Concebo-te como a um gato
A olhar para mim; ou
Concebo-me a mim próprio como gato
A olhar na tua direcção.
E para este novelo rotativo
Não há resposta, nem começo,
Ou fim: estivemos sempre aqui,
Postados de frente para a pergunta.
Mas o tempo há-de passar, os olhos
Abrirem-se e fecharem-se
Como a luz sobre os campos
Impressa em papel albumina,
Para acompanhar as estações
E as mudanças naturais, as plantas,
E os animais que do mato saem,
E olham.
Ou eu, animal, que os olho também.
De facto deste labirinto não saímos,
Umas vezes com mais frio,
Outras vezes à chuva, mas sempre
Com a pergunta, os novelos,
A rodarem sobre nós.
Começamos inexoravelmente a meio,
Disse Deleuze, e tinha razão.
E depois morreste-me, de certo modo
Temporariamente, porque tudo se reinicia.

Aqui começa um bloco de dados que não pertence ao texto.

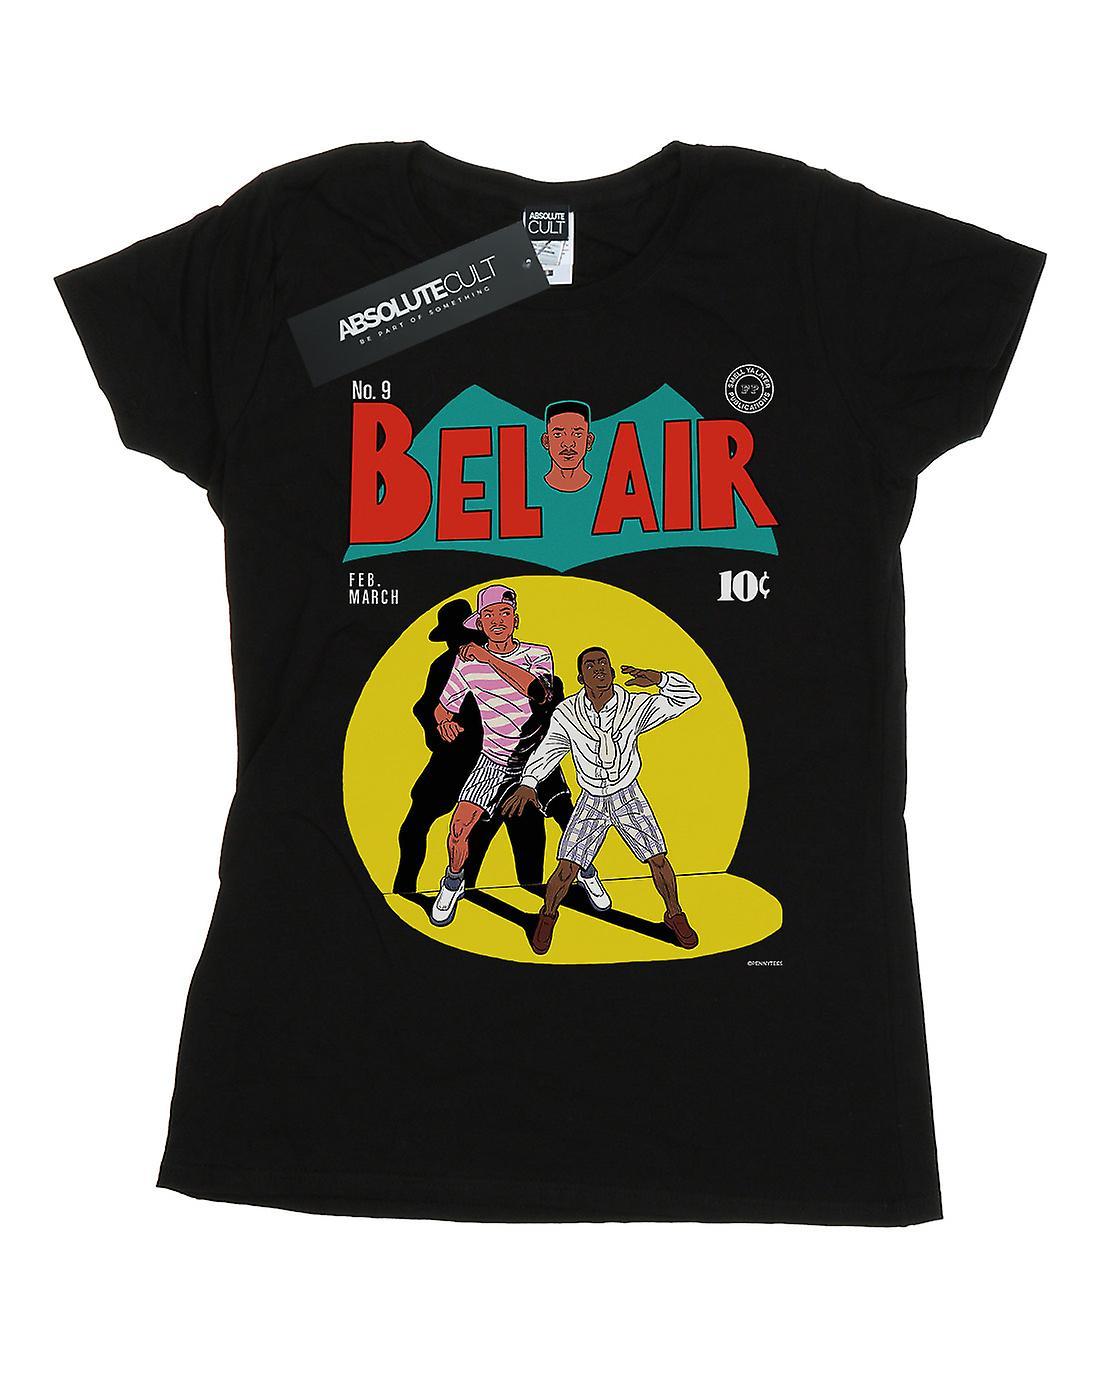 Pennytees Women's Bel Air T-Shirt

Morreste por eutanásia, de olhos
Muito abertos, e desse modo para sempre
Me fixaste como gato atónito
A ter de olhar para ti, sobre uma marquesa
De alumínio, onde depois passou um pano
Desinfectante, e entrou na sua vez
Outro bicho, para também olhar antes de morrer,
Entre aparelhos que continuaram a soar
Da mesma maneira,
Antes e depois dos cristais de prata,
E do soro, conjugados, te trazerem à vista
Essa fixação final, fotográfica,
Esse olhar de glóbulos atingidos
Pela proliferação do líquido
Nas veias, pelo alastramento da morte
Injectada no já teu frágil corpo.
E na minha memória a perdição
De ter de viver como sobrevivente,
Como verdadeiro bicho,
A fazer perguntas como um verdadeiro gato.

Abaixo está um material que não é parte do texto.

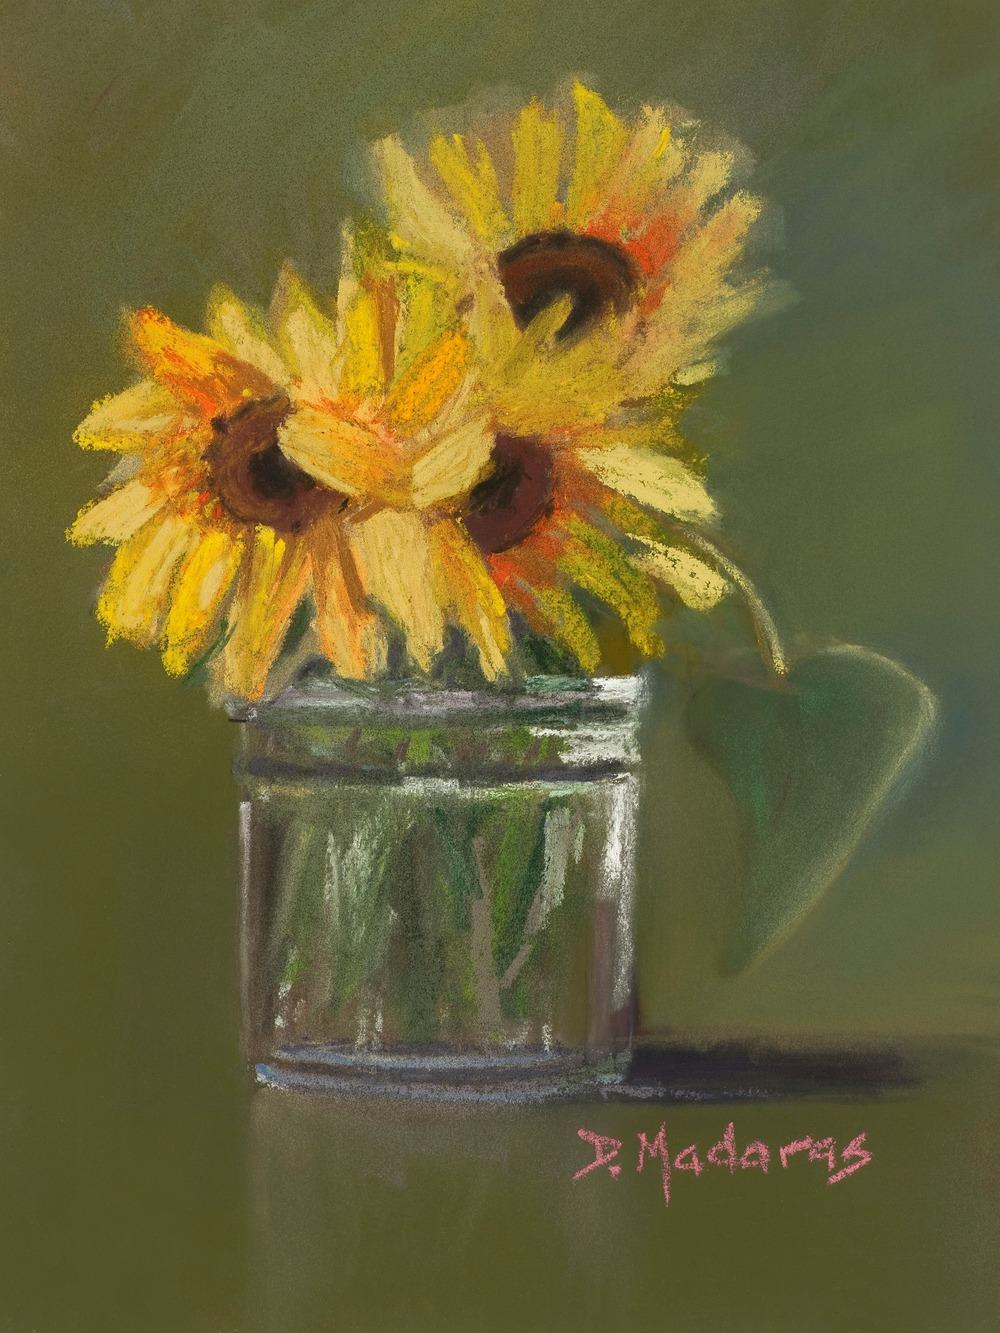 Safeway Sunflowers by Diana Madaras

A olhar-te sempre, sem saber quem foste
Ou és, sem saber quem sou eu, ou serei,
Sempre a ouvir este som de aparelhos indiferentes,
Mecânicos, automáticos, atrozes na sua persistência,
De sílaba em sílaba, de estrofe em estrofe,
De devir em devir, numa condenação ao olhar
Des-amparado.
1 comentário:
Felizes os poetas...que esconjuram a dor.... com uma "dor imensa"...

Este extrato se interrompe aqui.